Valery Panov obituary

Valery Panov and Galina Ragozina performing at the Royal Festival Hall, London, in 1978.
Valery Panov and his wife Galina Ragozina performing at the Royal Festival Hall, London, in 1978. Photograph: Nobby Clark/Popperfoto/Getty Images

The virtuoso ballet dancer Valery Panov, who has died aged 87, became a cause célèbre in 1972 when, with his second wife, the ballerina Galina Ragozina, he applied for, and was refused, exit visas to leave the Soviet Union for Israel. It was fortunate that his dancing in the 1960s had attracted the attention of western balletomanes and critics, most notably Clive Barnes, who campaigned on his behalf for two years. Panov’s supporters in the west began an international campaign involving a who’s who of British and American theatre, including Laurence Olivier, John Cranko and Hal Prince, as well as the British prime minister Harold Wilson.

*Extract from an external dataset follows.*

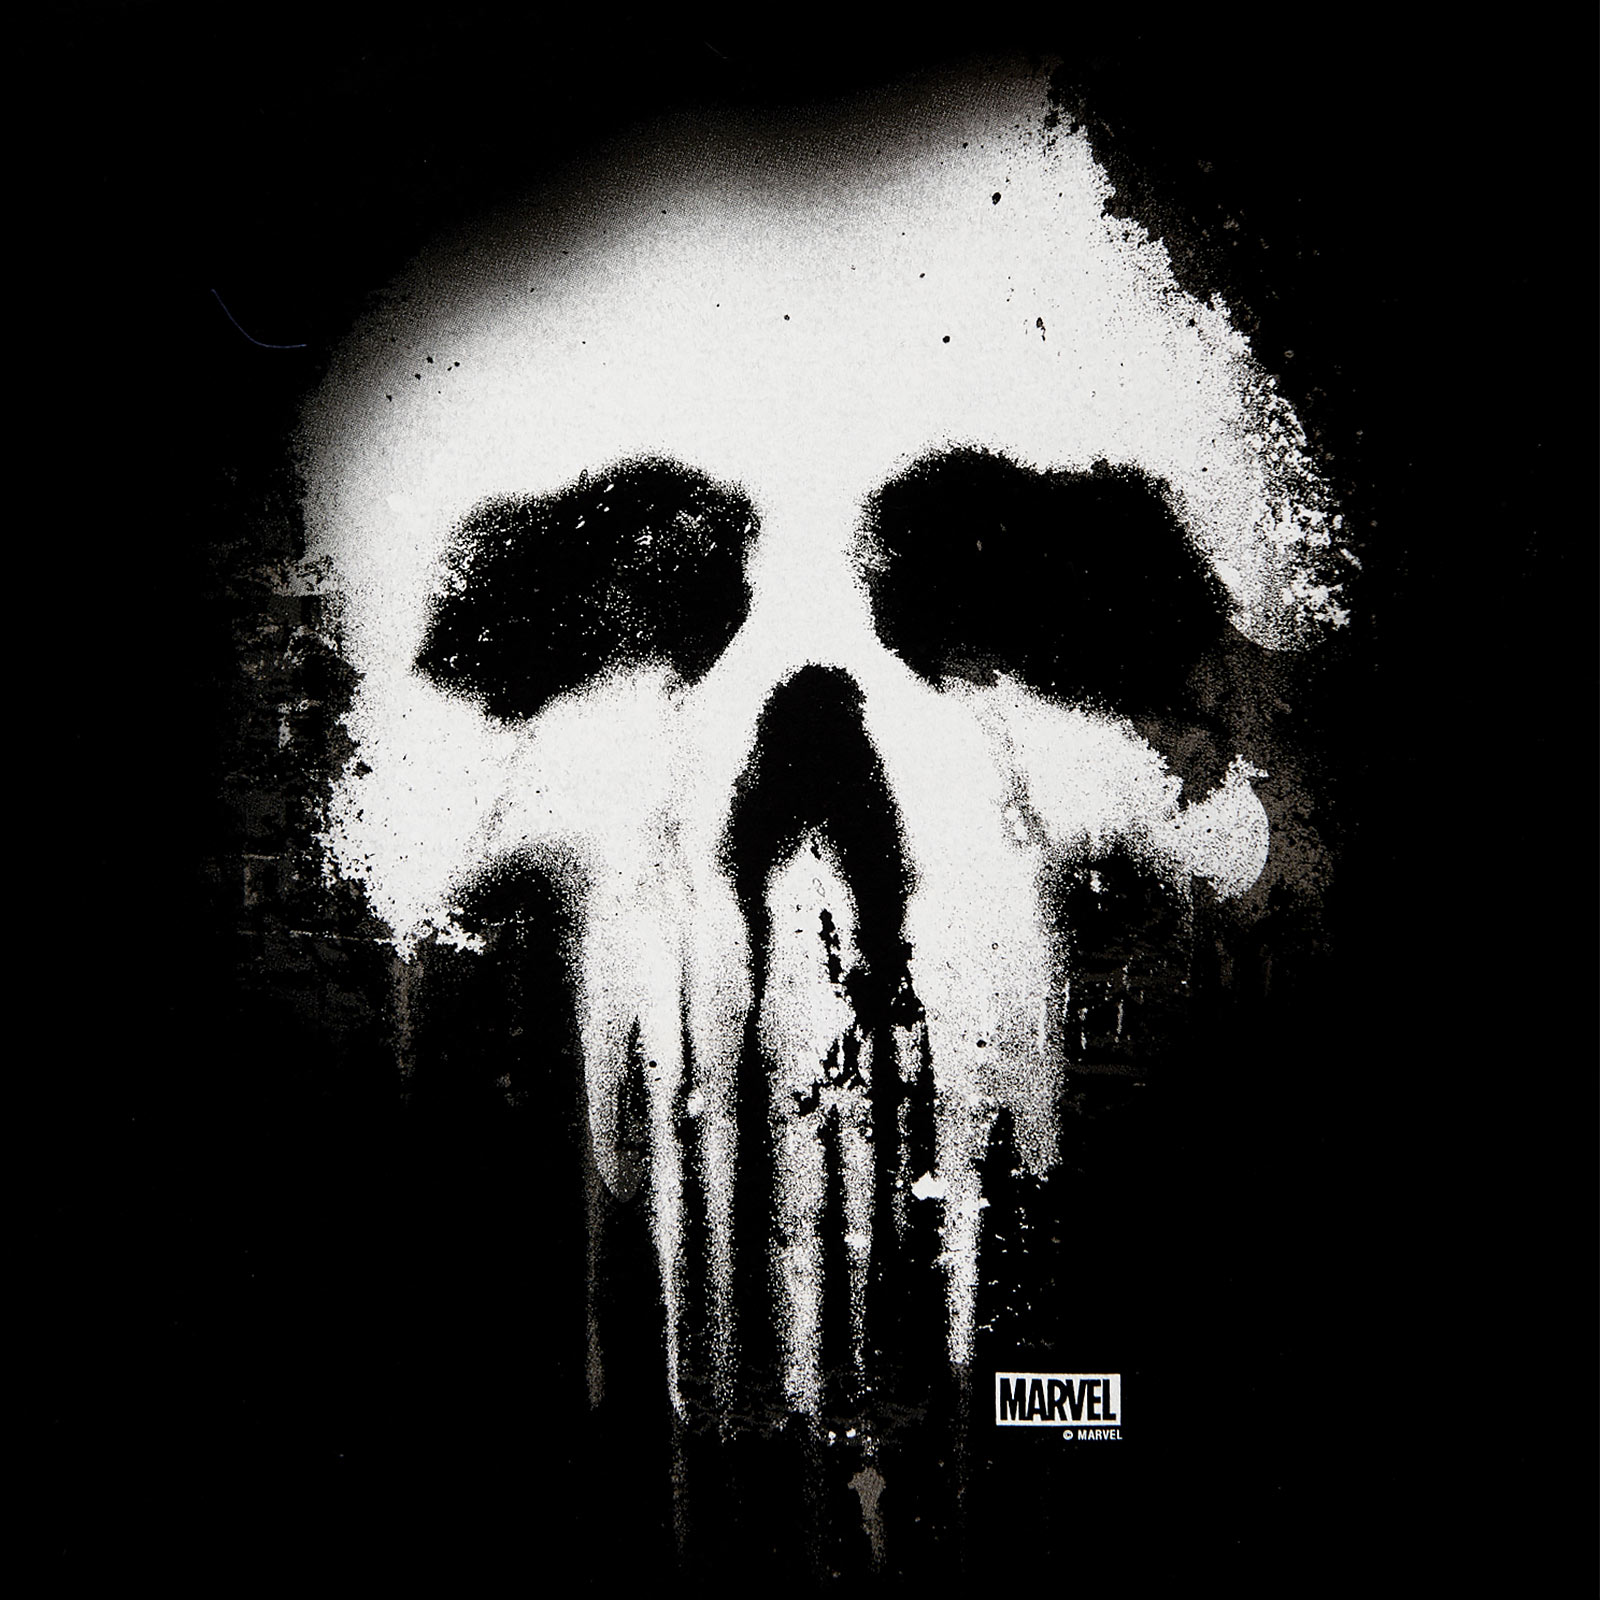 Punisher - Faded Skull Logo T-Shirt schwarz

They were successful and brought about the dancers’ release in 1974. The harrowing details of being ostracised for two years, forbidden access to a studio in which to train and being imprisoned for vagrancy at the time of President Richard Nixon’s visit to the Soviet Union are recorded in Panov’s autobiography To Dance, written with George Feifer (1978). When their exit visas were finally agreed and they had to leave within five days, Panov was recovering from having been administered poisoned tea on a train, while Galina was suffering from a miscarriage.

Panov was a talented demi-character dancer more suited to dramatic roles than the traditional princes of classical ballet, indeed, he described himself as “an actor in dance”. Always a rebel, seen as a “risk” for defection, only once, in 1959, was he permitted to tour to the west. In the US he danced the then little-known pas de deux from Le Corsaire and The Flames of Paris.

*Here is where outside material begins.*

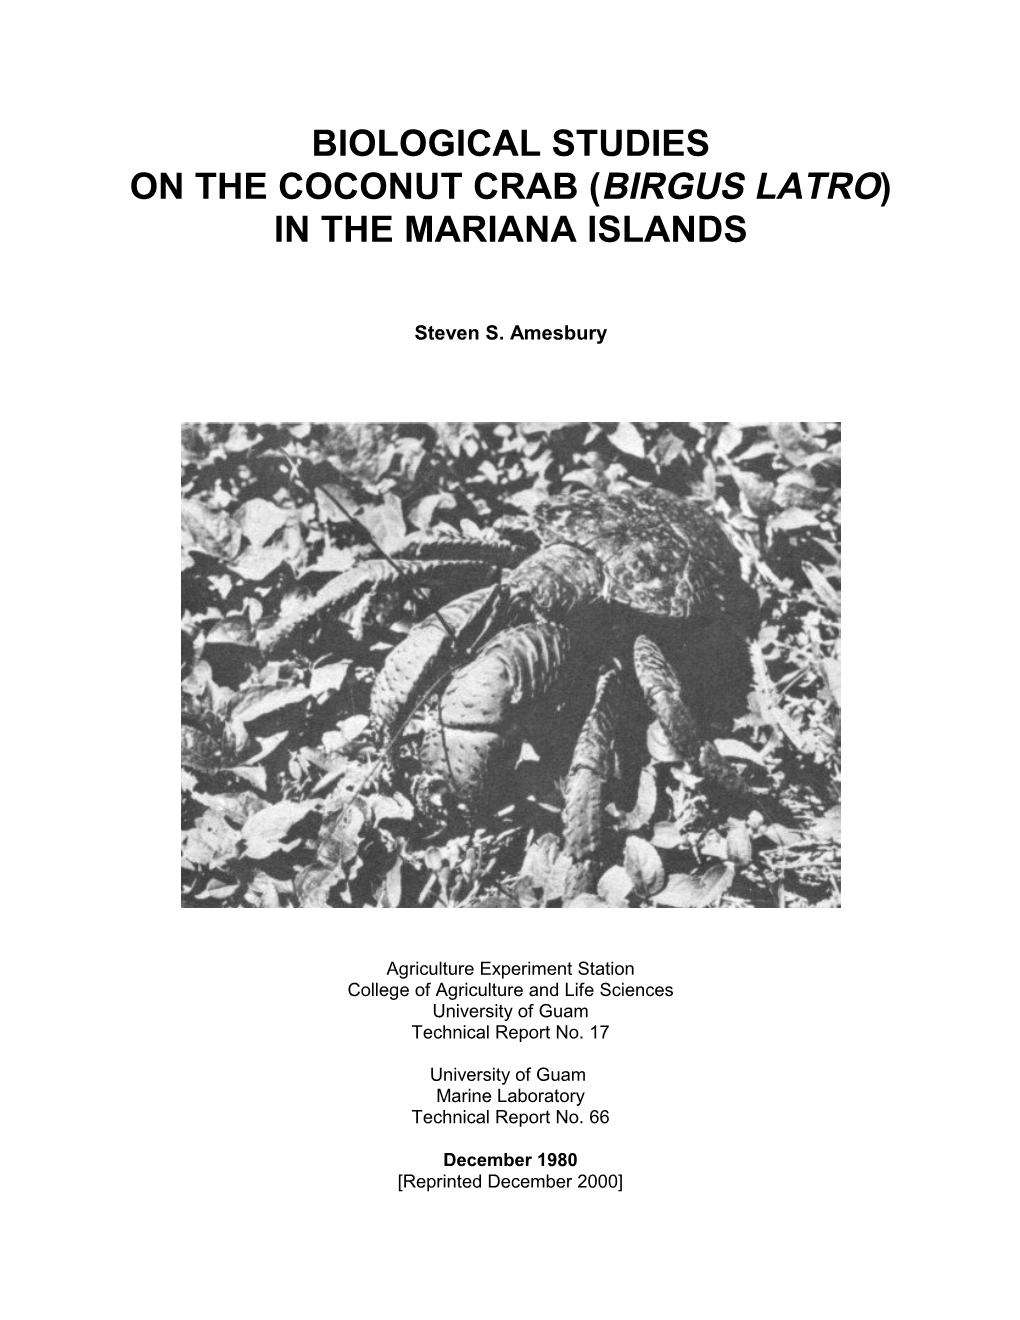 Biological Studies on the Coconut Crab (Birgus Latro) in the Mariana Islands

Between 1957 and 1964 Panov danced with the Maly Ballet, the second company in Leningrad, where he benefited from coaching by Semyon Kaplan. Important for Panov was the title role in a new version of Igor Stravinsky’s Petrushka staged by Konstantin Boyarsky. Panov was not the downtrodden puppet created by the original choreographer Michel Fokine, but one who heroically protested his fate. The seal of approval for his performance came when Stravinsky saw it on his first return to his homeland in 50 years and admired its emotional impact.

Questions about Panov’s interpretation recurred when he performed this role in 1975 within Fokine’s original staging with London Festival Ballet, whose audiences were familiar with the more traditional version, but the critic John Percival noted that while Panov’s changes may have been disrespectful to Fokine’s production “they brought the character to life, finding again the passion and pain [the original Petrushka] Nijinsky must have found in it”.

Following Rudolf Nureyev’s defection in 1961, Panov was invited in 1963 to dance Basil in Don Quixote at the Kirov and went on to replace him in many roles. Panov remained with the Kirov, where, in 1969 he received the Lenin prize and in 1970, after creating the title role in Sergeyev’s Hamlet, the title of Honoured Artist of the Russian Federation. His final creation at the Kirov in 1971 was the Devil in The Creation of the World, in which he danced alongside Yuri Soloviev and Mikhail Baryshnikov.

In 1967 Barnes saw Panov perform in Leningrad. He impressed him “as one of the most remarkable male dancers of our day … His dance technique is fantastic, but it is his sense of dramatic conviction that truly impresses.”

Born in Vitebsk, he was the son of Matvey Shulman, a manager of state-run leather goods production who was an ardent communist, always toeing the party line, and Elizaveta Charitonova, who encouraged his desire to dance. (Valery took the name Panov when he married the Maly dancer Liya Panova in 1958, having been encouraged to hide his Jewish surname.)

He grew up in Vilnius, where he trained with a favourite pupil of the renowned ballet teacher Agrippina Vaganova. This led her to take an interest in him when he auditioned for her Vaganova School in Leningrad, and he was accepted. There, Nureyev was his contemporary and a similar “rebel”.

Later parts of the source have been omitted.